There’s a little corner of Gloucestershire that feels more Herefordshire than Gloucestershire. It’s the Forest of Dean north of the M50. There has never been mining or heavy industry there, just scenic woods, daffodils, poets and ancient churches. It seems far away from the post-industrial Forest which centres around Lydney, Cinderford and Coleford, with Newent an outlier. Newent is just outside this little corner of rural tranquillity, but as you cross the north Newent by-pass and the M50 by-pass northwards you’re entering a sort of frontier land with Herefordshire and Worcestershire. There’s no great river like the Severn or the Wye to mark the county boundaries as they do in most of the rest of the Forest area. It’s just a ragged line that takes the Forest boundary on its winding northern route from Gorsley near Ledbury to the A417 just east of Bromesberrow Heath, eating into Herefordshire and Worcestershire.
It has woods, not forests. Its poets, who flourished briefly at the time when the famous Forest poets were developing, had no real allegiance to the area and disappeared soon after the end of the First World War (except for Edward Thomas, who died during that War). They are celebrated in a permanent exhibition at St Mary’s Church in Dymock. Dymock is the only village in this area of scattered hamlets, but St Mary’s is not the only church in this area. In this remote lightly populated area there are also active churches at the hamlets of Preston, Upleadon, Pauntley, Bromesberrow and Oxenhall, and there’s another St Marys Church at Kempley. The wall paintings and church roof date from the middle ages, and are believed to be the best and most well preserved of all mediaeval works in England.
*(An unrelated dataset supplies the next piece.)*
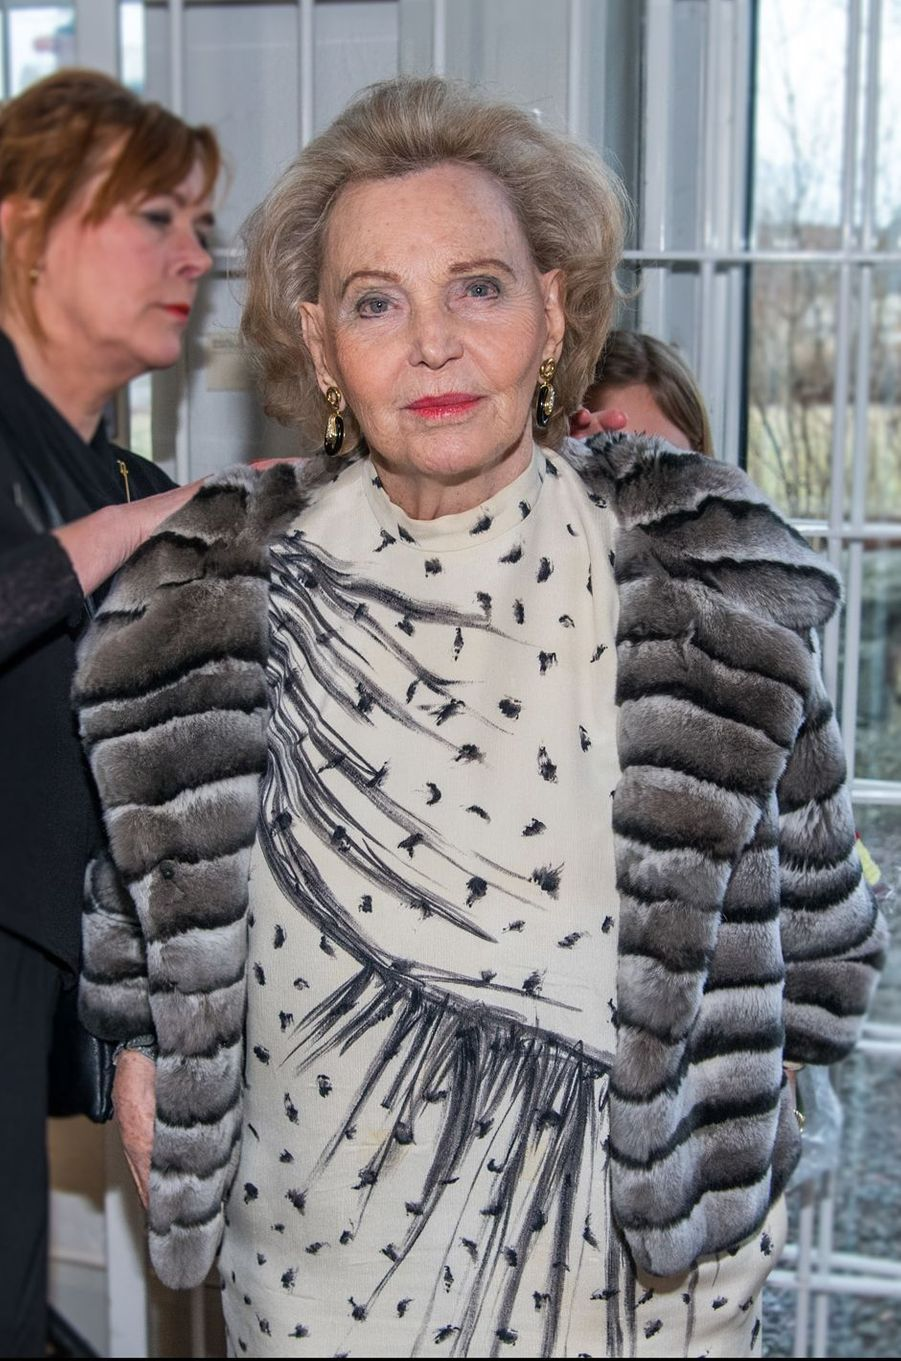 La comtesse Marianne Bernadotte à Stockholm, le 16 mars 2017

There’s another church in Kempley, the Church of St Edward, constructed in 1903 and described by John Betjeman as a mini-cathedral of the Arts and Crafts movement.
The scattered hamlets also include Brooms Green, Tillers Green, Leddington, Knights Green, Preston Cross, and Normansland. The local woods have exotic names like Clenchers Mill, Little Woolpits, Howlers Coppice, Pendocks Grove, Chase End Hill. For convenient and accessible doctors, schools and shopping local residents will probably cross the county boundary to travel to Ledbury.
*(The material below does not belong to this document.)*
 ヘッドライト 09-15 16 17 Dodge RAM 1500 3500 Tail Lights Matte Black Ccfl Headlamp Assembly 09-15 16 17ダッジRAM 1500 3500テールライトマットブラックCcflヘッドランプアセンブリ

The area contains the famous woodland walks the Three Choirs Way, The Daffodil Way, and there are 2 Poets Paths around Dymock.
The little known Gloucestershire hamlets of Preston and Ludstock are north of the A449 Ross to Ledbury Road, which are both firmly established Herefordshire towns.
The Dymock Cricket Club is one of the most active and progressive sports clubs in the area. Successful at all levels, Mens’ first and second teams, juniors and womens’ cricket flourish in Dymock. Geoff Dymock, a coach for the Australian Cricket tour to England in 1985, paid a visit to the club during his visit to this country to acknowledge the game in his ancestral home.